Вопросы Теги

Как снизить нагрузку на серверную часть, создаваемую вредоносным трафиком

Я хочу уменьшить или смягчить последствия вредоносного трафика уровня 7 (целевые атаки, стандартное злонамеренное автоматическое сканирование), который достигает моего бэкэнда, что делает его очень медленным и даже недоступным. Это относится к атакам на основе нагрузки, как описано в https://serverfault.com/a/531942/1816

Предположим, что:

  1. Я использую не очень быструю внутреннюю часть / CMS (например, TTFB ~ 1500 мс для каждого динамически генерируемая страница). Оптимизация невозможна или просто требует больших усилий.
  2. Я полностью увеличил масштаб, т. Е. Использую максимально возможную скорость H / W.
  3. Я не могу масштабироваться, то есть CMS не поддерживает репликацию от мастера к мастеру, поэтому он обслуживается только одним узлом.
  4. Я использую CDN перед серверной частью, достаточно мощный, чтобы обрабатывать любой трафик, который кэширует ответы на долгое время (например, 10 дней). Кешированные ответы (обращения) бывают быстрыми и больше не затрагивают мой сервер. Промахи, очевидно, дойдут до моего бэкэнда.
  5. IP-адрес моего бэкэнда неизвестен злоумышленникам / ботам.
  6. Некоторые варианты использования, например, запросы POST или пользователи, вошедшие в систему (небольшая часть от общего использования сайта), настроены на обход кеша CDN, поэтому они всегда попадают в серверную часть.
  7. Изменение чего-либо в URL таким образом, чтобы оно было новым / уникальным для CDN (например, добавление & _ foo = 1247895239 ), всегда приводит к попаданию в серверную часть.
  8. Злоумышленник, который сначала изучил систему, очень легко найдет очень медленные варианты использования (например, страницы с разбивкой на страницы до 10.000-го результата), которыми он сможет злоупотребить вместе со случайными параметрами # 7, чтобы довести бэкэнд до своего колени.
  9. Я не могу предсказать все известные и действительные URL-адреса и допустимые параметры моей серверной части в определенный момент времени, чтобы каким-то образом внести запросы в белый список или очистить URL-адреса в CDN, чтобы уменьшить количество ненужных запросов, достигающих серверной части. например, / search? q = something и / search? foo = bar & q = something дадут 100% одинаковый результат, потому что foo = bar - это не то, что я серверная часть использует, но я не могу очистить это на уровне CDN.
  10. Некоторые атаки происходят с одного IP-адреса, другие - с нескольких IP-адресов (например, 2000 или более), которые невозможно угадать или легко отфильтровать по диапазонам IP-адресов.
  11. И провайдер CDN, и провайдер серверного хоста предлагают какую-то функцию DDoS-атак, но атаки, которые могут вывести из строя мой бэкэнд, очень малы (например, всего 10 запросов в секунду) и никогда не рассматриваются как DDoS-атаки со стороны этих провайдеров.
  12. У меня есть мониторинг и мгновенно получаю уведомления, когда серверная часть перегружена, но я не хочу вручную запрещать IP-адреса, потому что это нежизнеспособно (я могу спать, работать над чем-то другим, в отпуске или атака может быть с разных IP-адресов).
  13. Я не решаюсь вводить ограничение на количество подключений в секунду для каждого IP-адреса на сервере, поскольку в какой-то момент я откажу в доступе легальным пользователям. е.Представьте себе презентацию / семинар о моем сервисе в университете или крупной компании, где десятки или сотни браузеров почти одновременно будут использовать сервис с одного IP-адреса.
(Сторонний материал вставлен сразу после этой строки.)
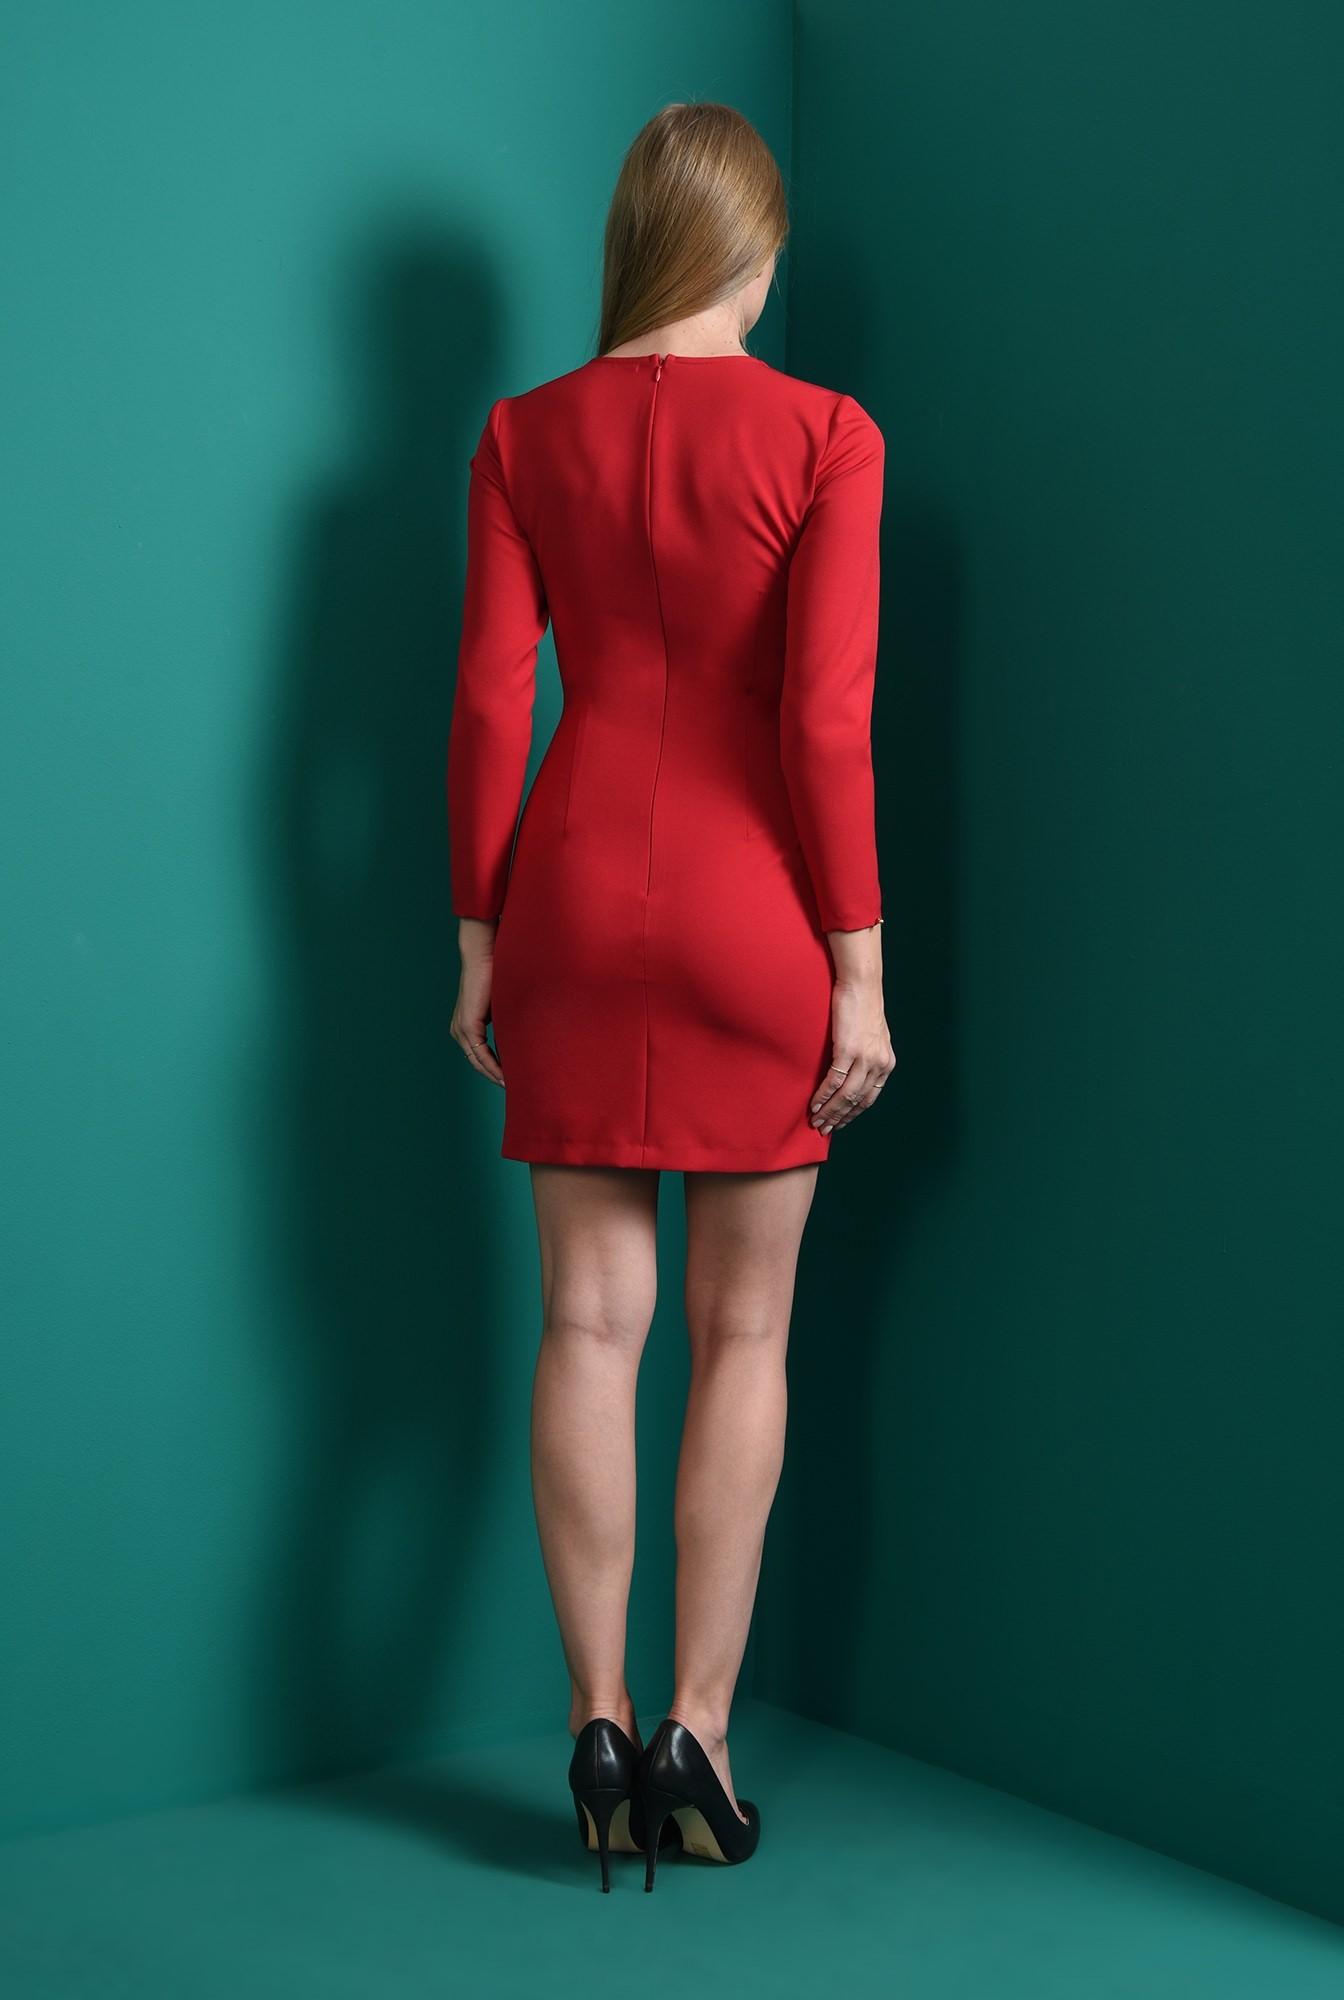 2 - rochie casual, scurta, rosie, cu maneca lunga

Если они вошли в систему, они всегда будут доходить до моего сервера и не будут обслуживаться CDN. Другой случай - это пользователи государственного сектора, которые получают доступ к услуге с очень ограниченного количества IP-адресов (предоставленных государством). Таким образом, это запретит доступ законным пользователям и вообще не поможет атакам со многих IP-адресов, каждый из которых выполняет только пару запросов.
  14. Я не хочу постоянно заносить в черный список определенные большие диапазоны IP-адресов стран, которые иногда являются источниками атак (например, Китай, Восточная Европа), потому что это несправедливо, неправильно, будет отказывать в доступе законным пользователям из этих регионов и атакам из других места не пострадают.

Итак, что я могу сделать, чтобы справиться с этой ситуацией? Есть ли решение, которое я не учел в своих предположениях, которое могло бы помочь?

2
задан 26 May 2019 в 17:24
2 ответа

Я чувствую вашу боль - но перед вами стоит невыполнимая задача. Вы не можете съесть свой торт и съесть его.

Обычно я предлагаю fail2ban в качестве инструмента для решения этой проблемы (если ограничение скорости веб-сервера не является вариантом), однако вы не только прямо говорите, что не можете даже поддерживать временный запрет, поскольку ваш трафик идет через CDN, вам нужно будет создать множество функций, чтобы сообщить об адресе и применить блокировку.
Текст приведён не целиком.